This is a devastating situation for you to be in, and my heart goes out to you. And with your wife apparently being a control freak (from the tone of your previous posts) it's easy to feel like she's holding all the cards and is in control of the situation. But that's not the case at all. That's just what she
wants you to believe so that it'll be easier for her to ride roughshod over you. You do
not need her to give you and your child a fighting chance. Who died & put her in charge of this situation? She doesn't get to decide its outcome - that's for the magistrate/judge to decide!
OK, hard truth: you now know that your marriage is unsalvageable. She's filing papers and once a partner has made that decision, it's almost impossible to convince them otherwise. So now what you need to do is to have a good cry/scream/whatever to get the initial shock out of your system, and then go into a self-defense mode. She's likely to be ruthless with you, so you must defend yourself and your child from her machinations.
I see you're in South Africa; sadly as you know South Africa is still in the dark ages when it comes to some LGBT issues, but we do have laws to protect us. Look up the Children's Act, Act 38 of 2005, which confers equal and joint guardianship status on both parents of children born from marriage (
here it is for your convenience). It's no longer true that the mother automatically gets custody. But what can you do to weaken her case and strengthen yours? Can you put together a record of the emotional abuse she's committed against you? Has she done anything in front of your child, like scream at you or hit you? Document everything, and give it to your solicitor as evidence.

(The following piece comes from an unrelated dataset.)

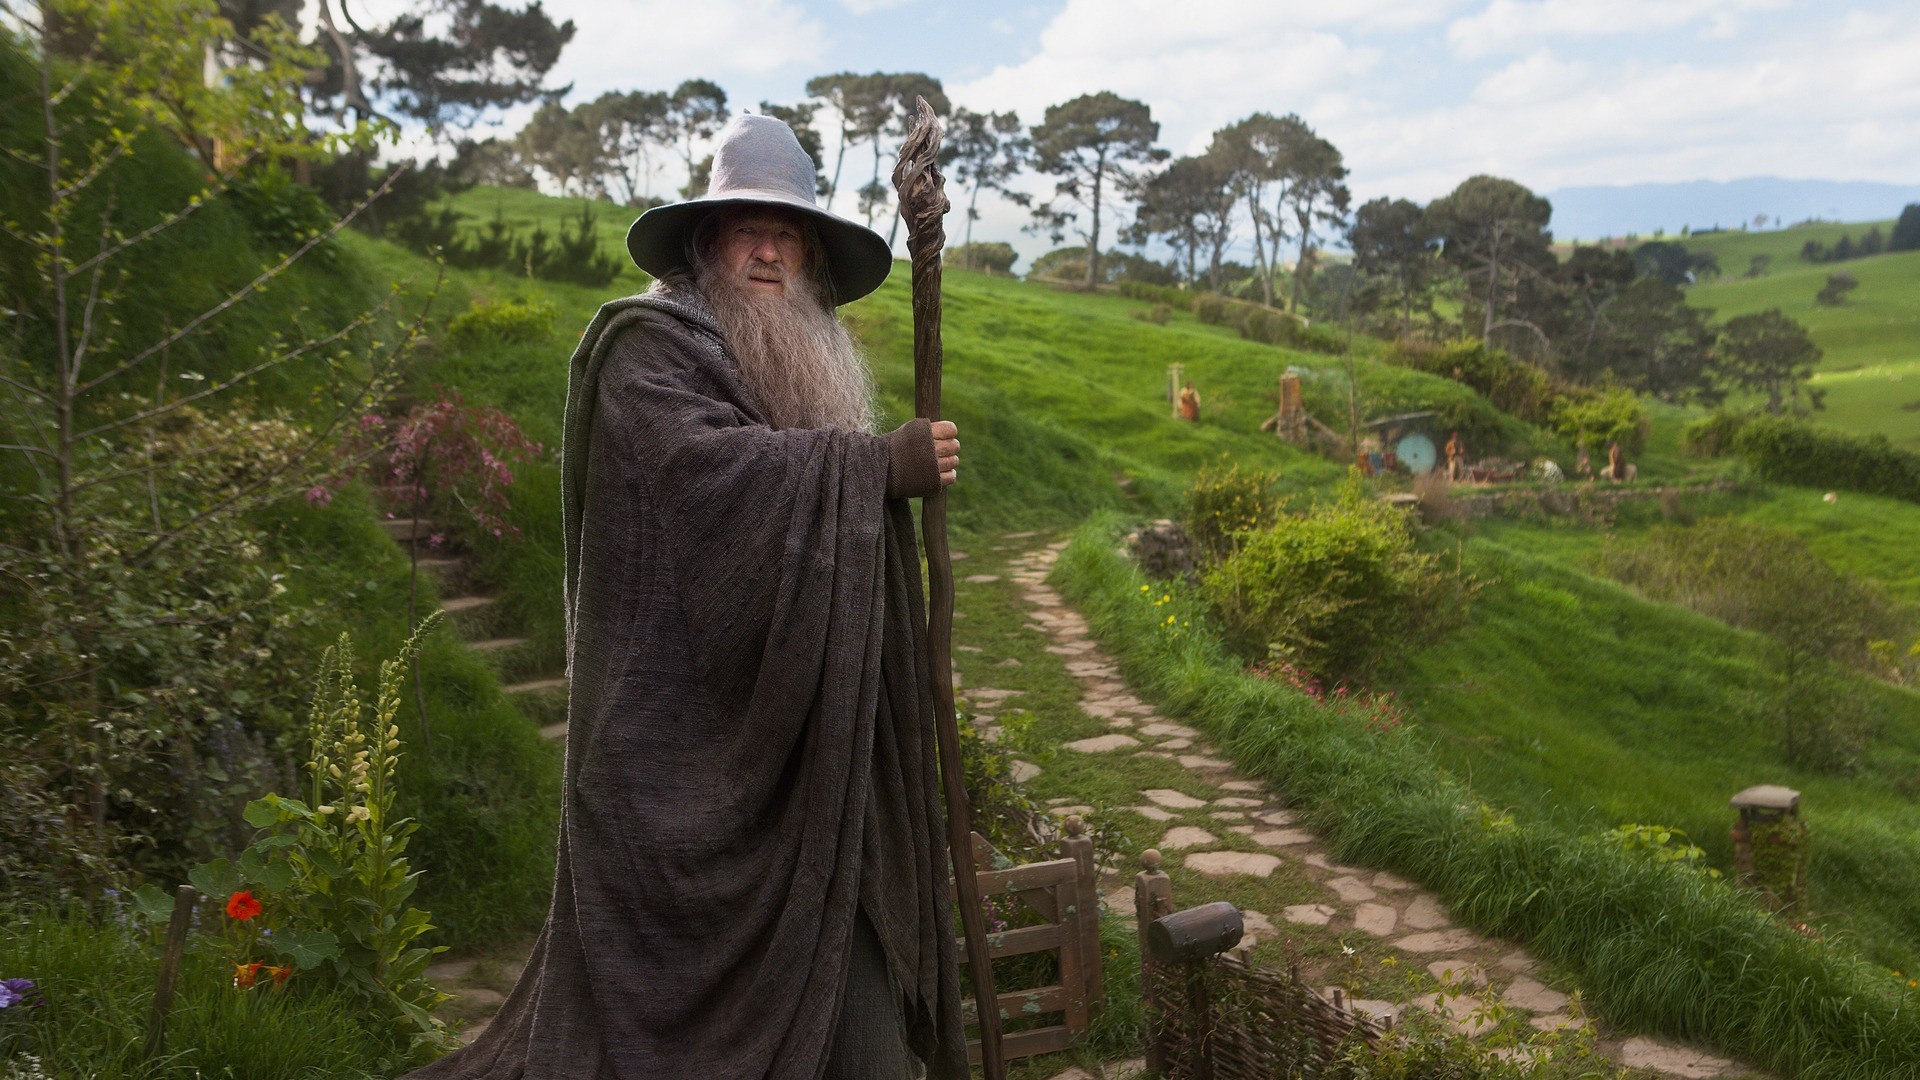 People 1920x1080 The Lord of the Rings Gandalf The Shire wizard Ian McKellen movies staff

Look for LGBT societies or support groups in your city or province, and contact them to see if they can recommend any good LGBT-friendly lawyers who've fought hard for trans (or gay) clients to help them maintain custody of their kids (or to get reasonable contact, if that's your preference). There are quite a few Attorneys, Barristers & Solicitors who are LGBT-friendly, so ring them up and ask for a consultation to talk through your case. You'll benefit from their specialist knowledge, especially if your wife tries to use your trans identity as a weapon. An inexperienced solicitor may not know how to defend against that.
I'm not going to try to sugar-coat it: divorce is horrible and I don't recommend going through both a divorce and a transition at the same time. Each is almost as stressful as a death in the family, so both together would be very detrimental to your health. She's started the clock ticking by filing papers to pull the plug on your marriage, so I'd very strongly recommend you concentrate on the divorce first.
Be aware that the grounds for divorce in South Africa are very strict and specific. I hope she's filing for a 'no fault' divorce, which would be fine. But it sounds like she's using your suicide attempt & rehab as grounds for bringing a 'mental illness' claim against you, so you'll need to defend against that... and the best way of doing so is to get a formal diagnosis of Gender Dysphoria (if you haven't already done so) along with a clean bill of mental health. If you get all your ducks in a row and can show the court evidence that you're not mentally ill and not a threat to your child, she'll be unable to use these things against you.
Sterkte, Amoré. It's going to be a rough ride for a little while, but it will definitely get better.